This repository contains a Bodywork project that demonstrates how to configure a ML pipeline with CICD. The example ML pipeline has two stages:
- Run a batch job to train a model.
- Deploy the trained model as service with a REST API.
To deploy this project manually, follow the steps below.
In order to run this example project you will need access to a Kubernetes cluster. To setup a single-node test cluster on your local machine you can use minikube or docker-for-desktop. Check your access to Kubernetes by running,
$ kubectl cluster-info
Which should return the details of your cluster.
$ pip install bodywork
$ bodywork setup-namespace ml-pipeline
To test the ML pipeline, using a workflow-controller running on your local machine and interacting with your Kubernetes cluster, run,
$ bodywork deployment create \
--name=initial-deployment \
--namespace=ml-pipeline \
--git-repo-url= \
--git-repo-branch=master \
The workflow-controller logs will be streamed to your shell's standard output until the job has been successfully completed.
Service deployments are accessible via HTTP from within the cluster - they are not exposed to the public internet, unless you have installed an ingress controller in your cluster. The simplest way to test a service from your local machine, is by using a local proxy server to enable access to your cluster. This can be achieved by issuing the following command,
$ kubectl proxy
Then in a new shell, you can use the curl tool to test the service.

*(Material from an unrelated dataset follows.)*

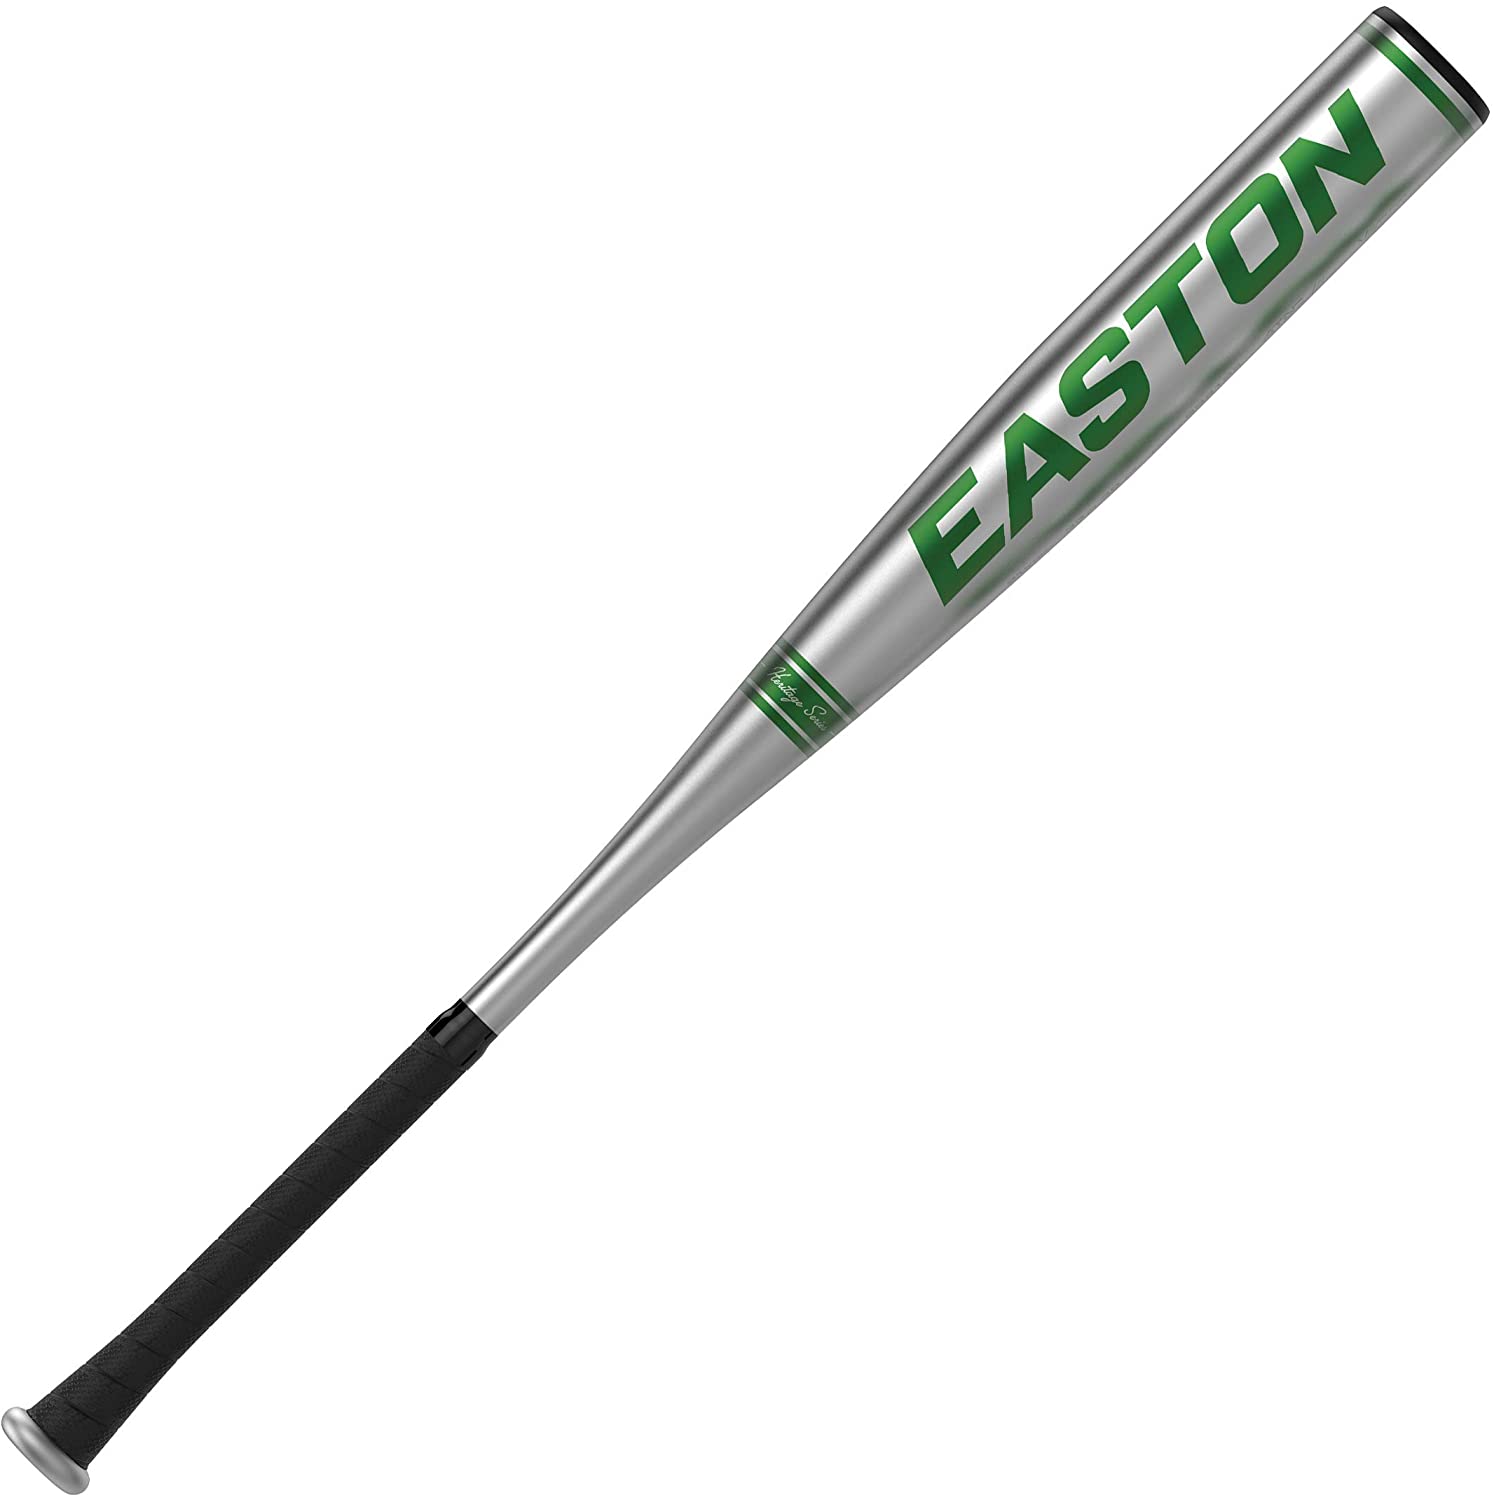 easton-b5-pro-big-barrel-3-bbcor-baseball-bat-32-inch-29-oz BB21B5-3229 Easton  THE GREEN EASTON IS BACK! First introduced in 1978 the original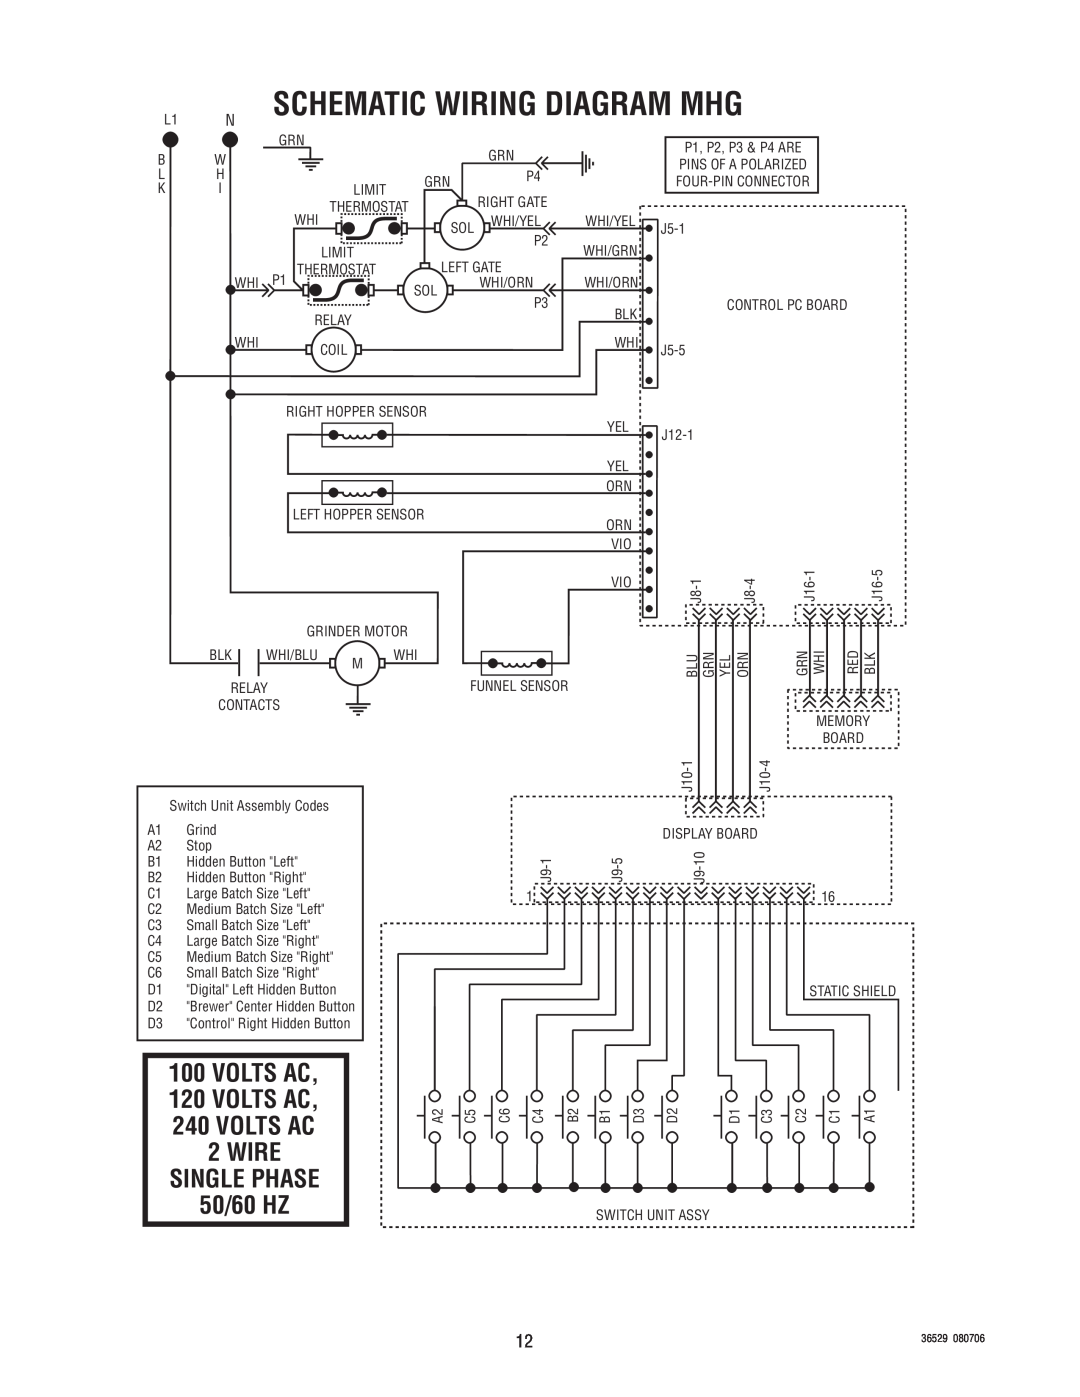 Bunn Dual SH manual Schematic Wiring Diagram Mhg, VOLTS AC 120 VOLTS AC 240 VOLTS AC 2WIRE, SINGLE PHASE 50/60 HZ

For example,
$ curl http://localhost:8001/api/v1/namespaces/ml-pipeline/services/bodywork-pipeline--serve-moel/proxy/iris/v1/score \
--request POST \
--header "Content-Type: application/json" \
--data '{"sepal_length": 5.1, "sepal_width": 3.5, "petal_length": 1.4, "petal_width": 0.2}'
Should return,
"model_info": "DecisionTreeClassifier(class_weight='balanced', random_state=42)"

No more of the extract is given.